Exercise brief:
Using the listing below, retype only the lines from the line with "<b>鈴木 隆 Takashi" through the end, both ends included, and exclude the pictures.

______

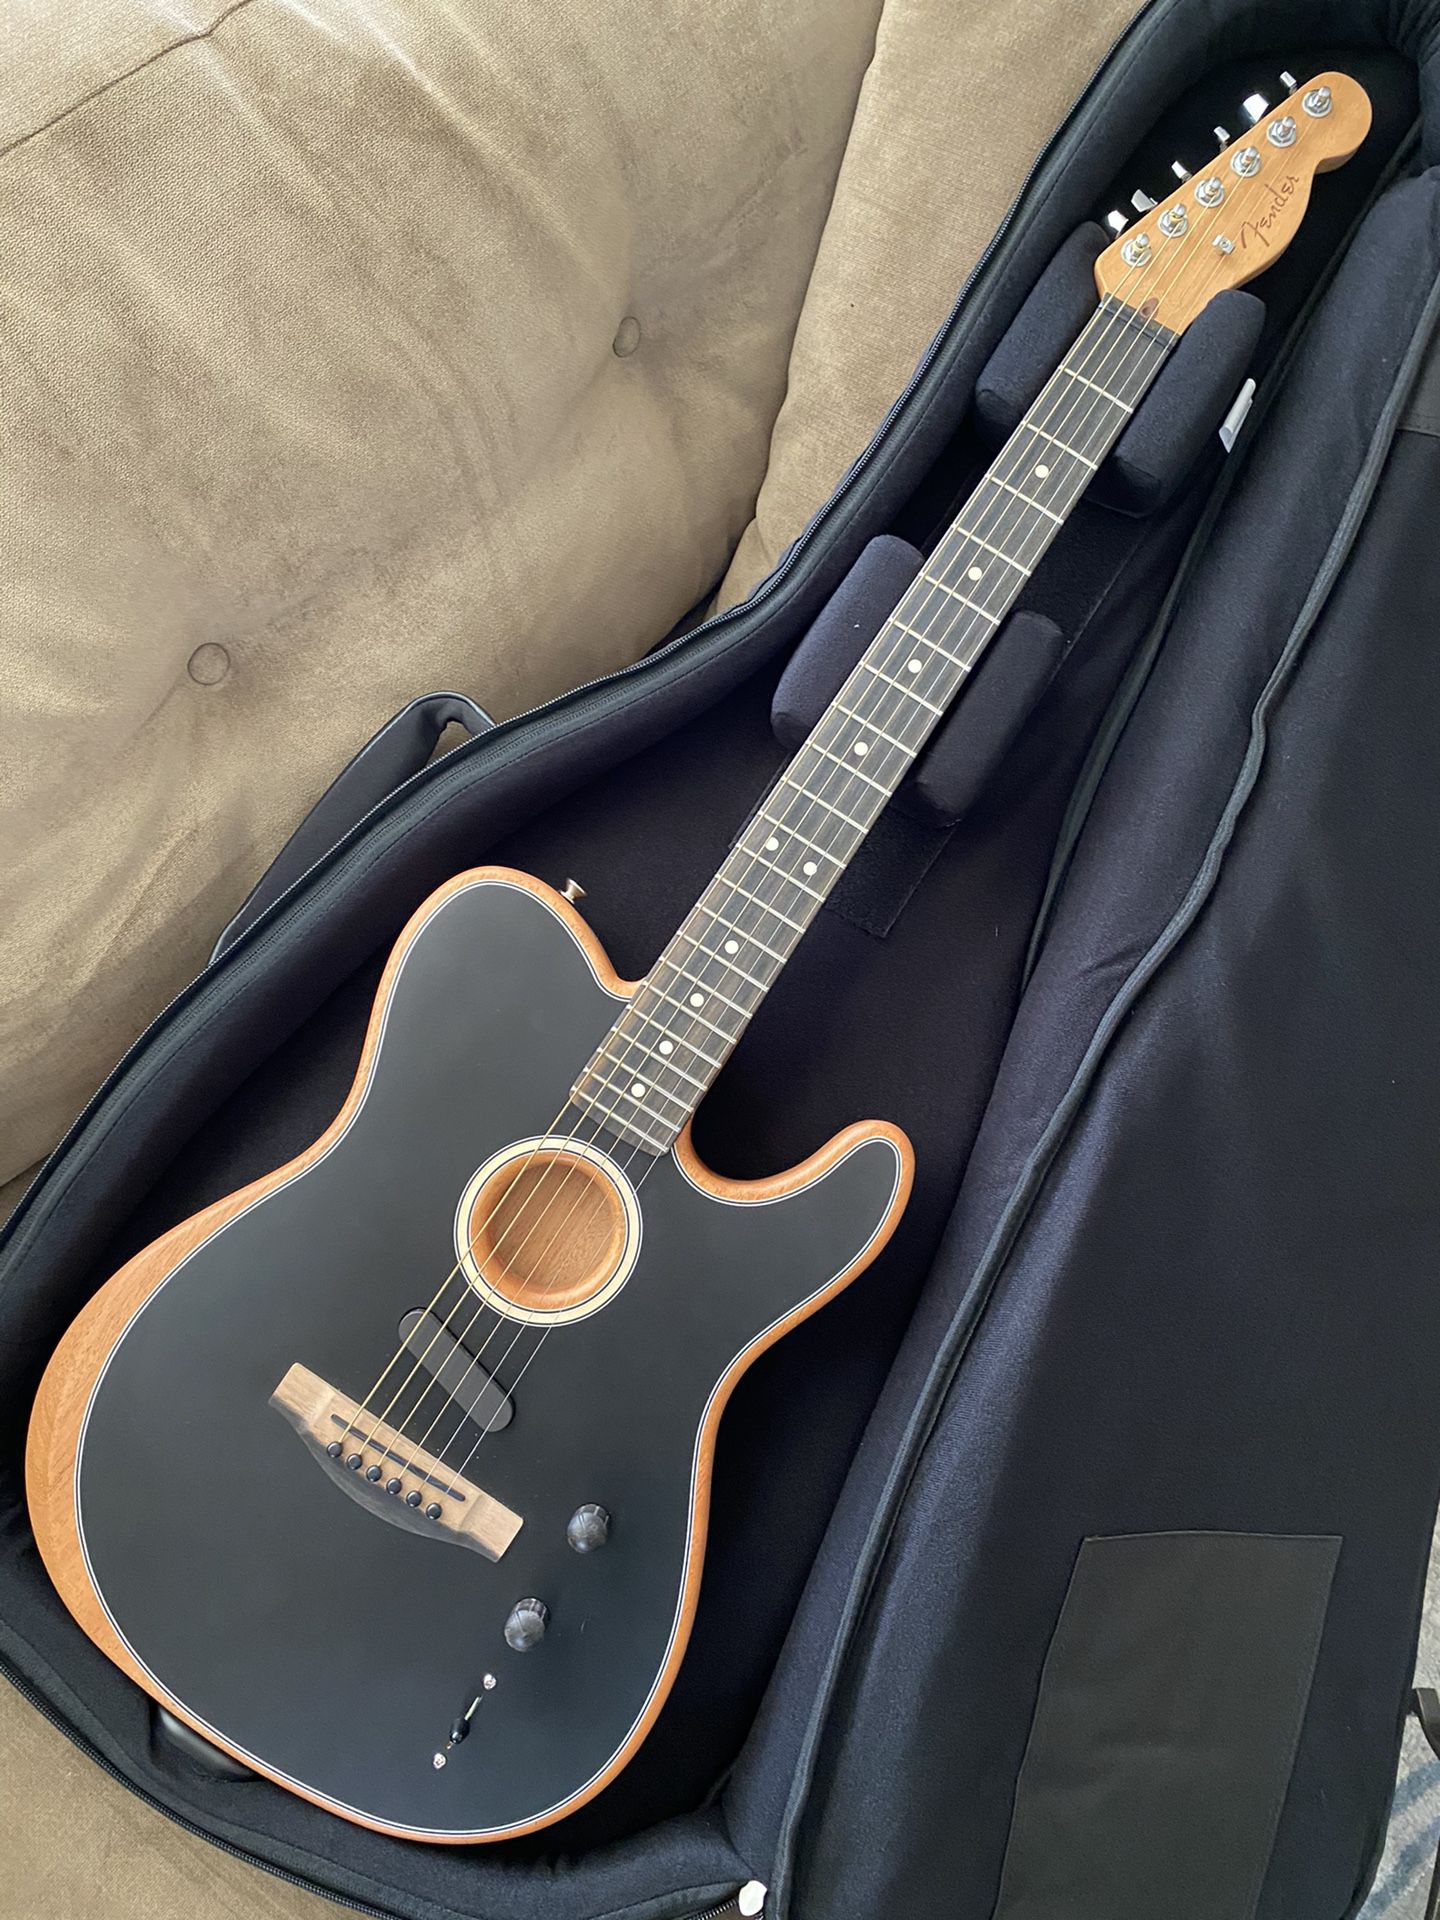 Fender American Acoustasonic Telecaster guitar
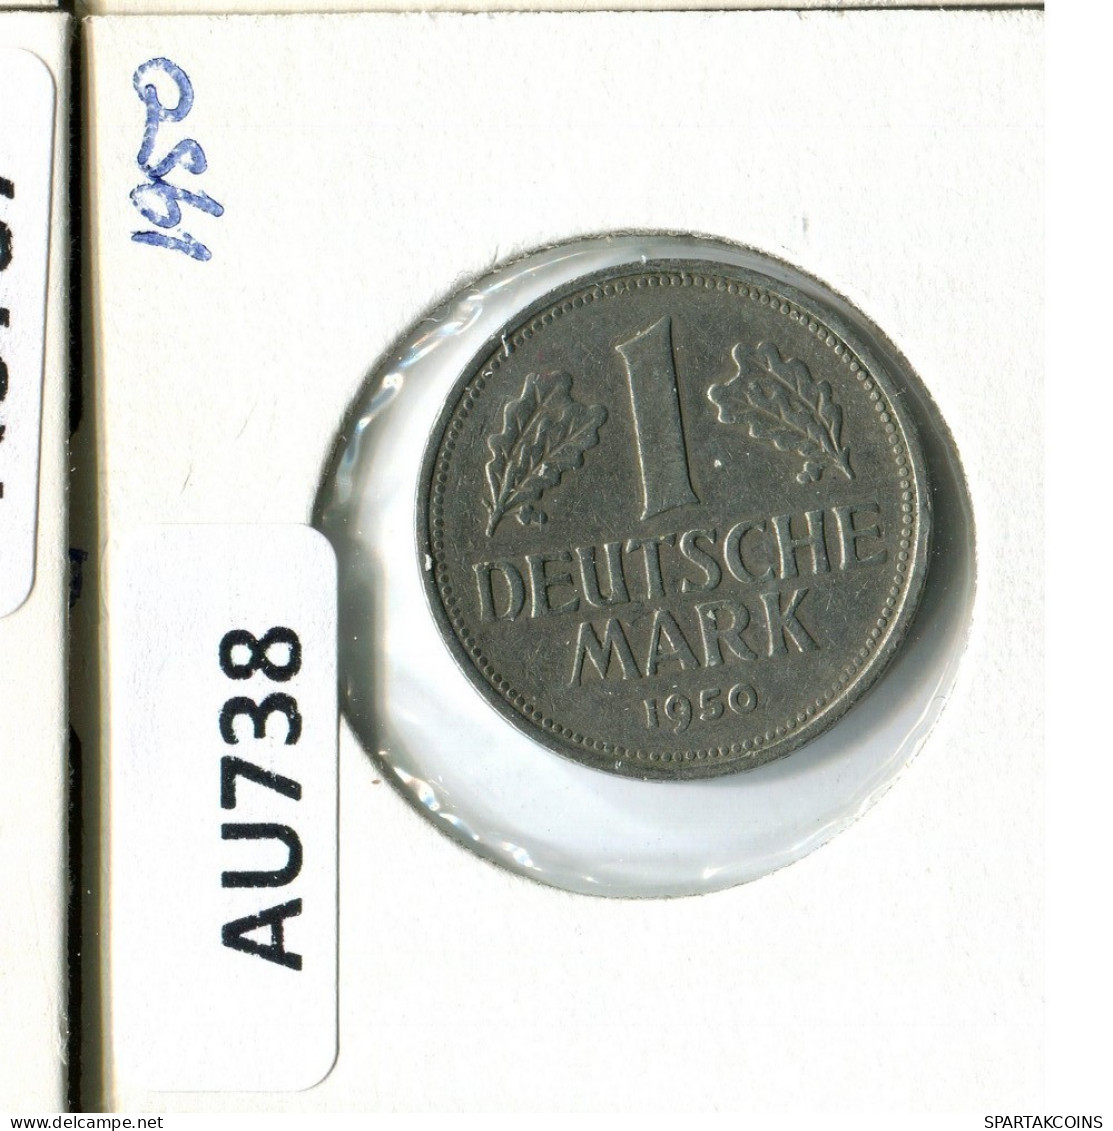 1 DM 1950 G BRD ALEMANIA Moneda GERMANY #AU738.E.A - 1 Marco
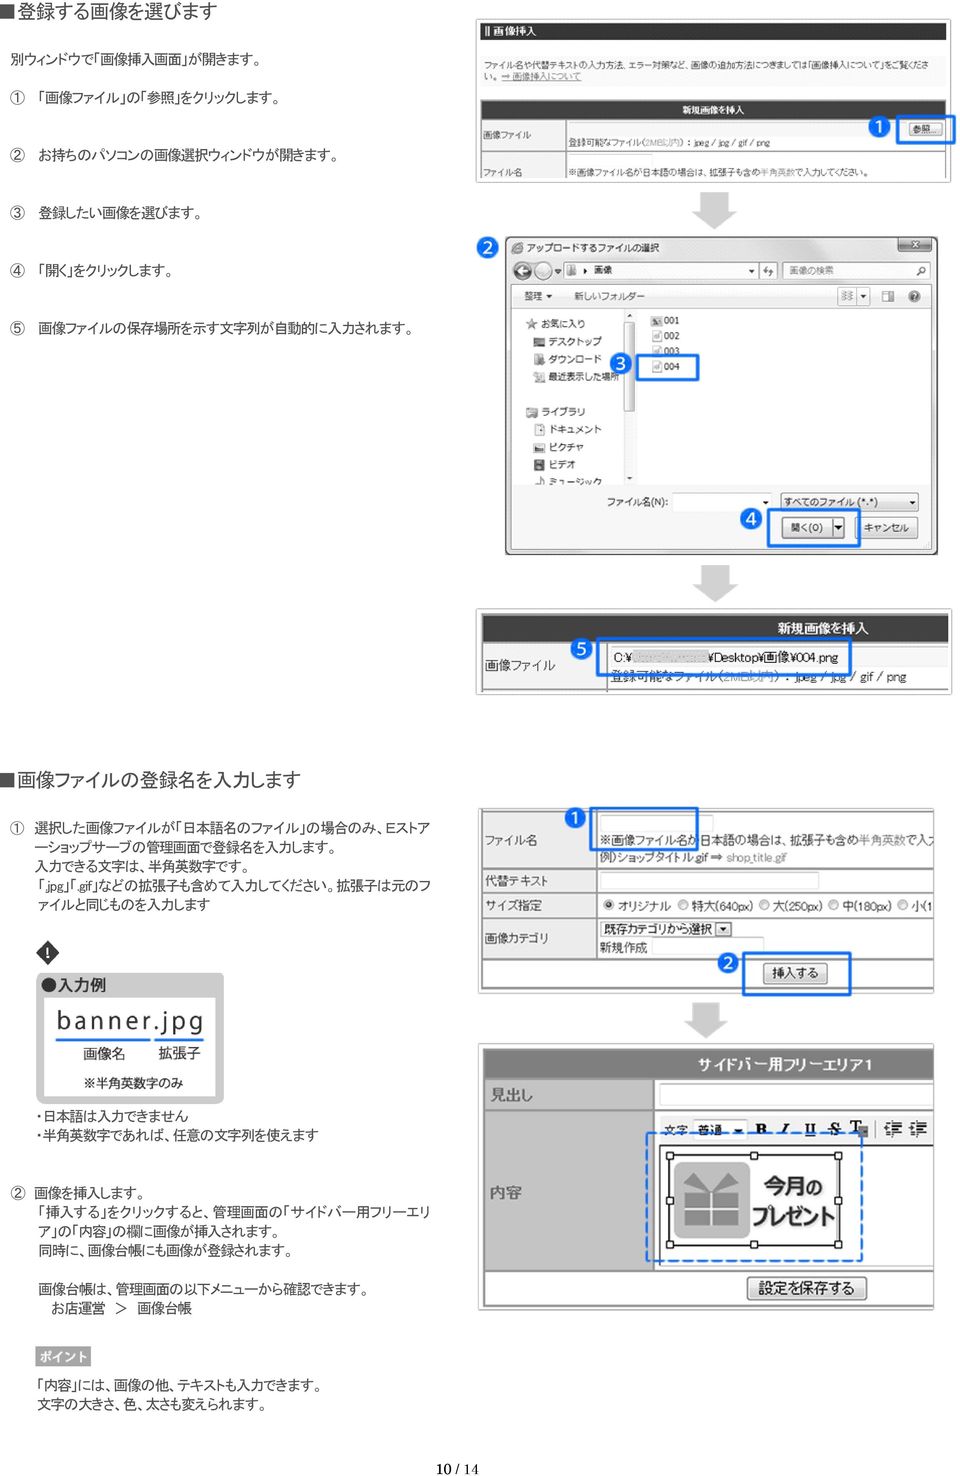 gif などの 拡 張 子 も 含 めて 入 力 してください 拡 張 子 は 元 のフ ァイルと 同 じものを 入 力 します 日 本 語 は 入 力 できません 半 角 英 数 字 であれば 任 意 の 文 字 列 を 使 えます 2 画 像 を 挿 入 します 挿 入 する をクリックすると 管 理 画 面 の サイドバー 用 フリーエリ
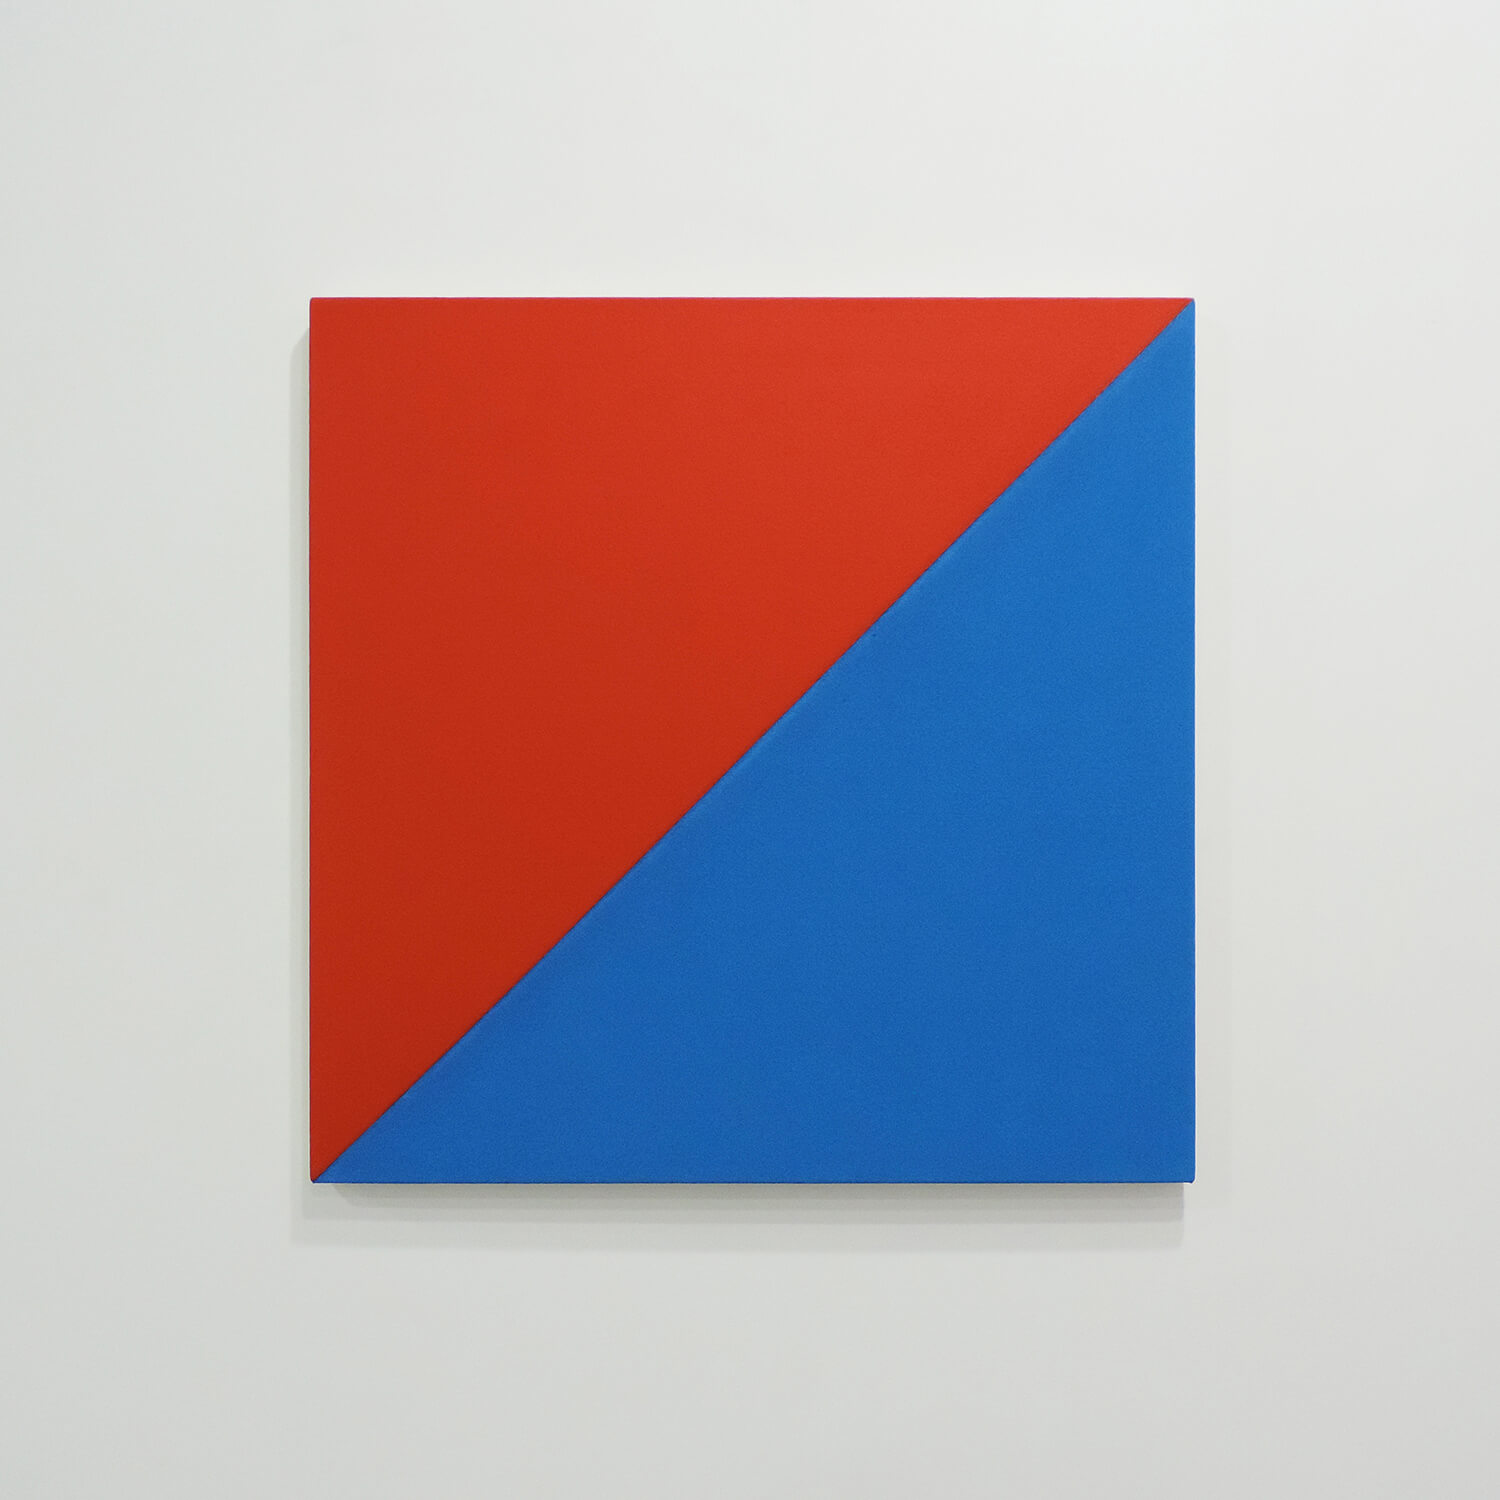 <b>鈴木 隆 Takashi Suzuki</b><br>Text No.1033<br>Oil and  acrylic on canvas, 65.3 x 65.3 x 3 cm<br>2015
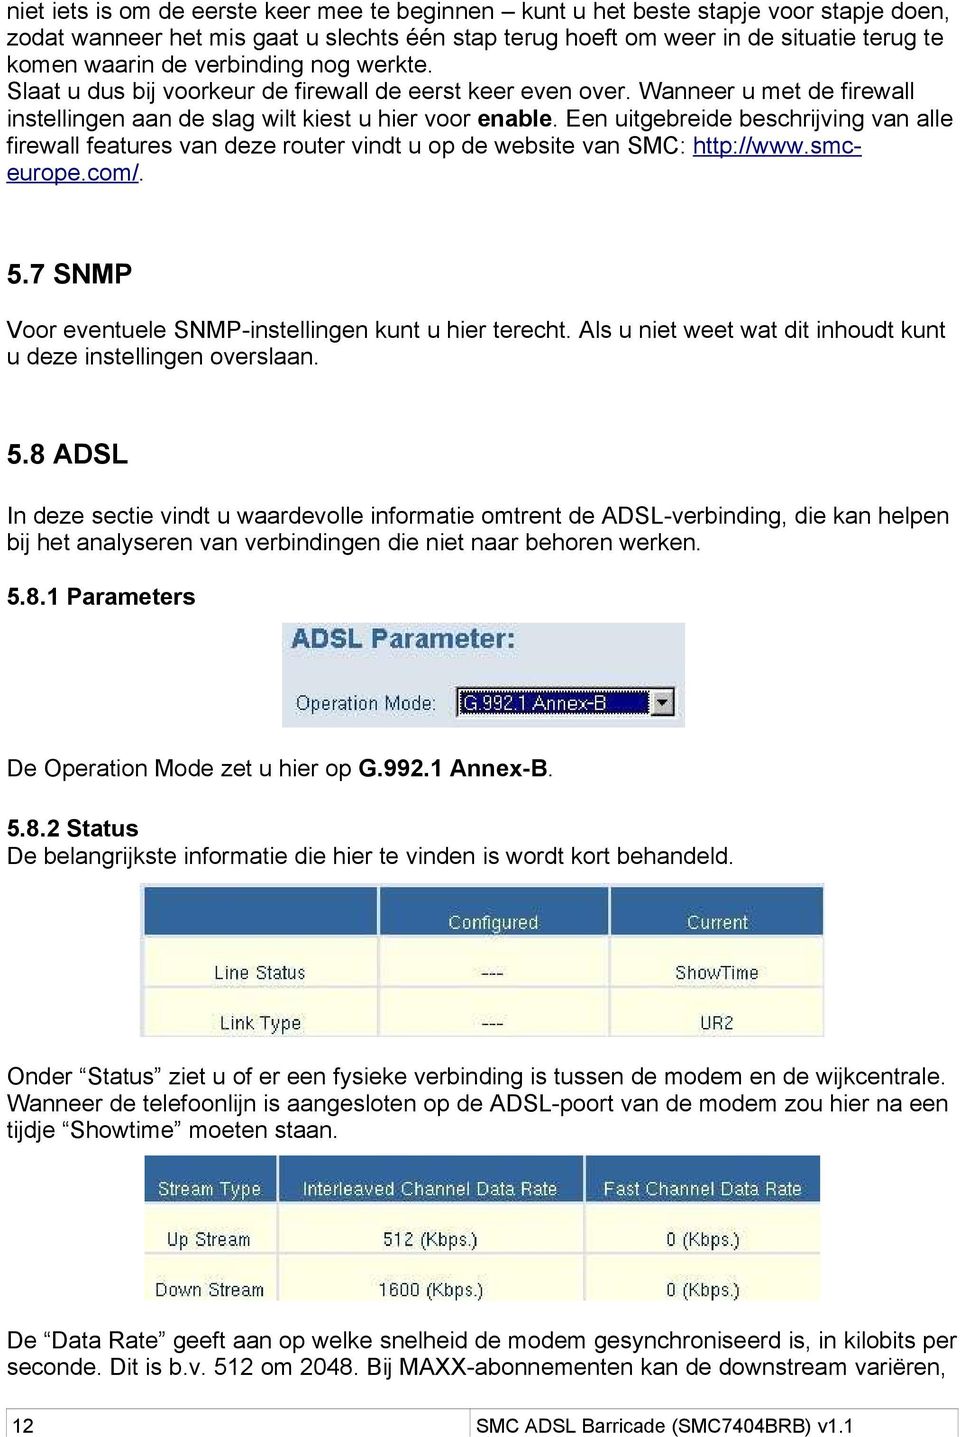 Een uitgebreide beschrijving van alle firewall features van deze router vindt u op de website van SMC: http://www.smceurope.com/. 5.7 SNMP Voor eventuele SNMP-instellingen kunt u hier terecht.

______

Exercise response:
 <b>鈴木 隆 Takashi Suzuki</b><br>Text No.1033<br>Oil and  acrylic on canvas, 65.3 x 65.3 x 3 cm<br>2015
 Een uitgebreide beschrijving van alle firewall features van deze router vindt u op de website van SMC: http://www.smceurope.com/. 5.7 SNMP Voor eventuele SNMP-instellingen kunt u hier terecht.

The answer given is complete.